Wendy J. Deichmann Edwards, Carolyn De Swarte Gifford, eds. Gender and the Social Gospel. Urbana: University of Illinois Press, 2003. xii + 241 pp. $49.95 (cloth), ISBN 978-0-252-02795-6; $21.95 (paper), ISBN 978-0-252-07097-6.
Reviewed by Susan Curtis (Department of History, Purdue University)
Published on H-Women (May, 2004)
Women, Gender, and Religion
When I began working in the 1980s on a dissertation that would be published as A Consuming Faith in 1991, I was conscious of the ways that the social gospel meant different things to and was experienced differently by men and women. I tried to explore these differences by including analyses of the lives and beliefs of Elizabeth Stuart Phelps Ward, Mary Eliza McDowell, Caroline Bartlett Crane, and Mary Perley Macfarland among the biographical sketches of men and women I identified as "important and revealing figures" (p. xx). The title of the work reviewed here, Gender and the Social Gospel, addresses a subject that I regard as critically important and one that deserves serious scholarly attention.

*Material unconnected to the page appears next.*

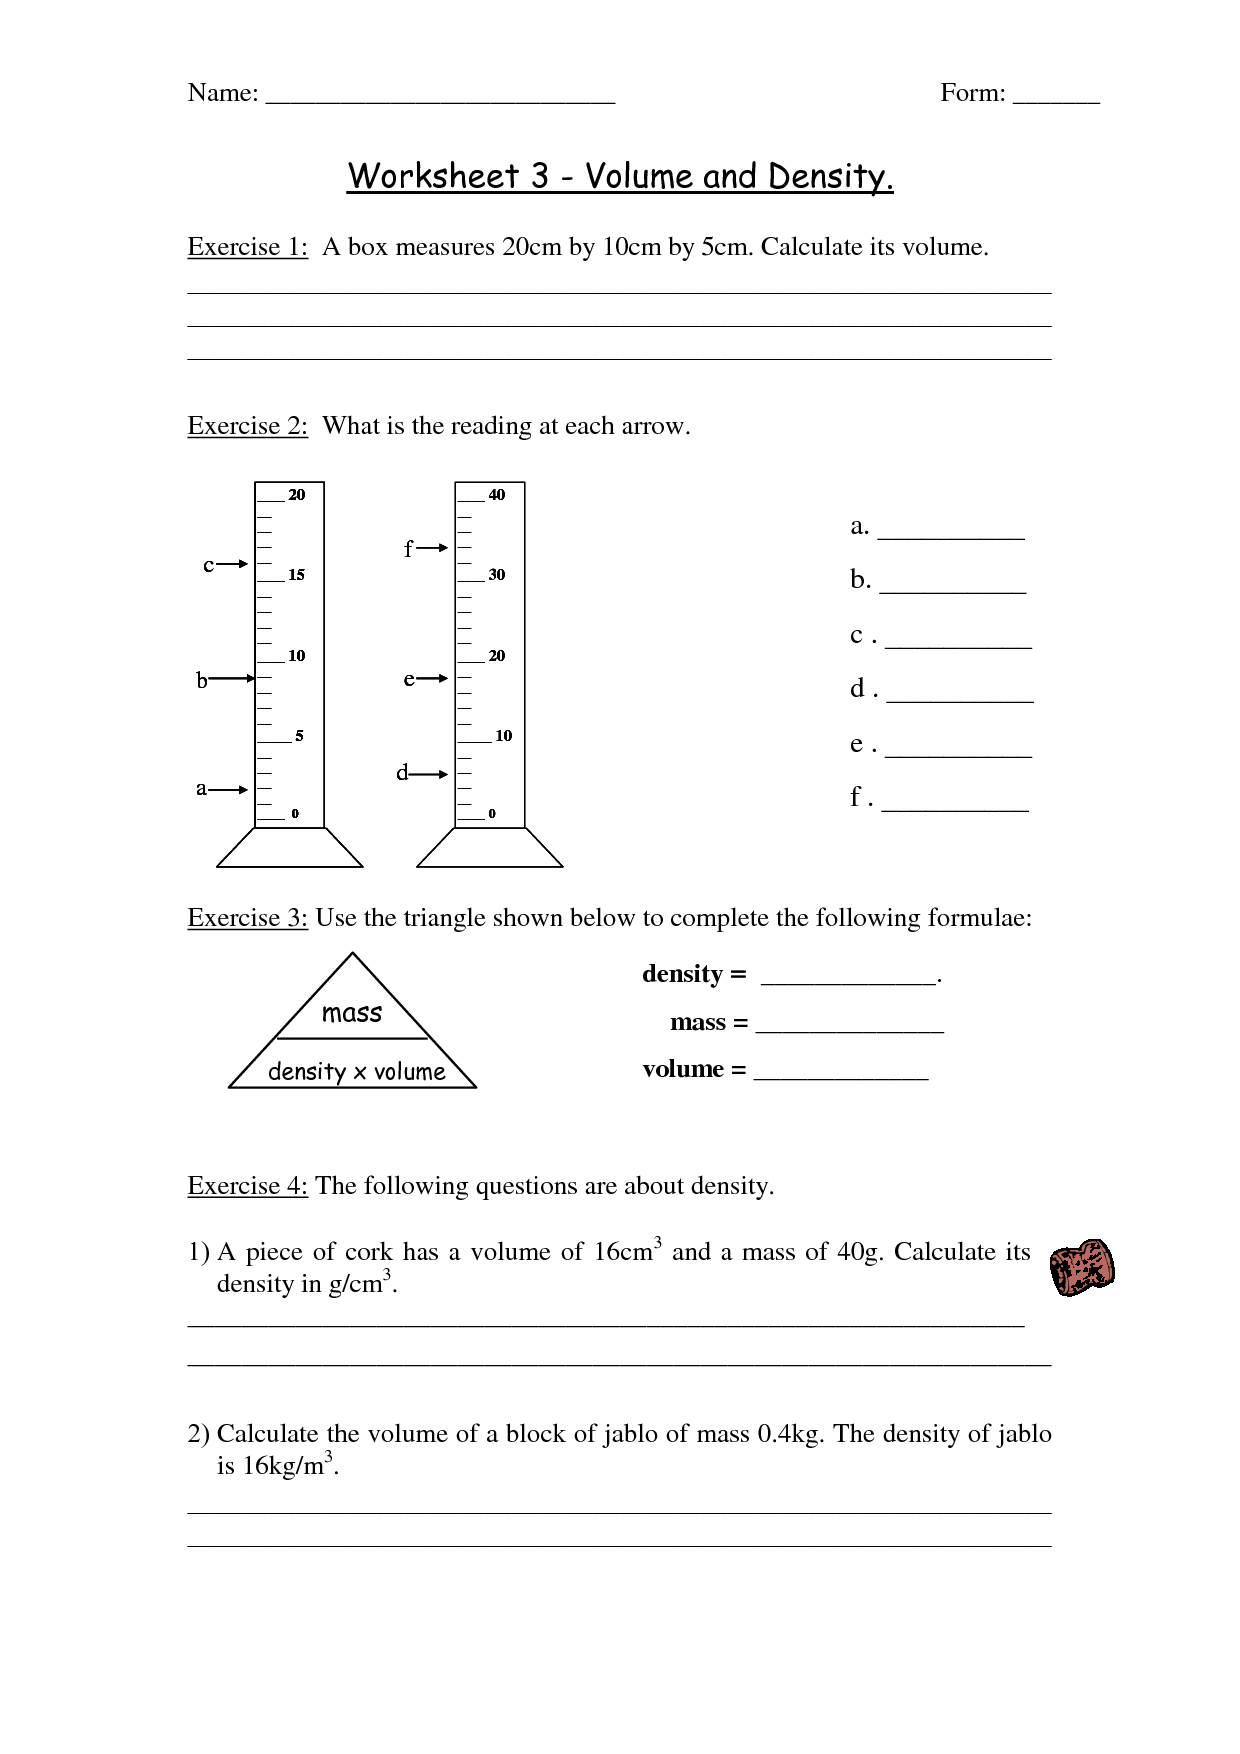 14-best-images-of-mass-and-volume-worksheets-density-mass-and-volume

The thirteen essays in this volume attend to a variety of gender-related issues. Some, like Carolyn De Swarte Gifford's essay on Frances Willard and Elizabeth Agnew's essay on Mary Richmond, draw attention to women whose work was shaped by social gospel ideals but whose experience is rendered invisible in many standard treatments of the social gospel movement. Other authors, such as Wendy J. Deichmann Edwards and Janet Forsythe Fishburn, subject the thought and actions of Josiah Strong and Walter Rauschenbusch to critical analysis through a feminist lens. (The surprising [and to be honest, disturbing] result is that Strong, "widely perceived as a narrow-minded racist and nationalist because of the blatant social Darwinism and the unapologetic imperialism" (p. 50) to be found in his book, Our Country, emerges as a proto-feminist and strong supporter of women; by contrast, Rauschenbusch, though hailed for his progressive politics and pacifism, appears to have been hopelessly old-fashioned and Victorian in his attitudes toward women.) The final two essays in the volume, by Ingrid Overacker and Michael Dwayne Blackwell, draw out the work of African-American women whose denominations more often than not are not considered part of the social gospel movement. The work of Overacker and Blackwell points to a shared social gospel spirit within a distinctly Black religious tradition.
The strength of this volume lies in the recuperation of individuals and groups whose experience has not always been considered part of the social gospel tradition. I certainly welcome this work and would encourage more of its kind to be undertaken. But in spite of the strengths of this collection, I find three matters to be troubling. The first I alluded to above. What are the ethical implications of an analysis that valorizes Strong's support of women in the United States apart from his "narrow-minded racism," "blatant Social Darwinism," and "unapologetic imperialism"? Are we left to conclude that his feminist credentials trump his otherwise anti-progressive stance? Similarly, how does Rauschenbusch's tepid support of women's rights and suffrage affect our understanding of his otherwise laudable quest for social justice? I do not wish to question Gifford's and Fishburn's findings; I simply crave a more helpful way of thinking about these apparent contradictions in the thought of Strong and Rauschenbusch that would lead to a more complex understanding of the Social Gospel movement as a whole.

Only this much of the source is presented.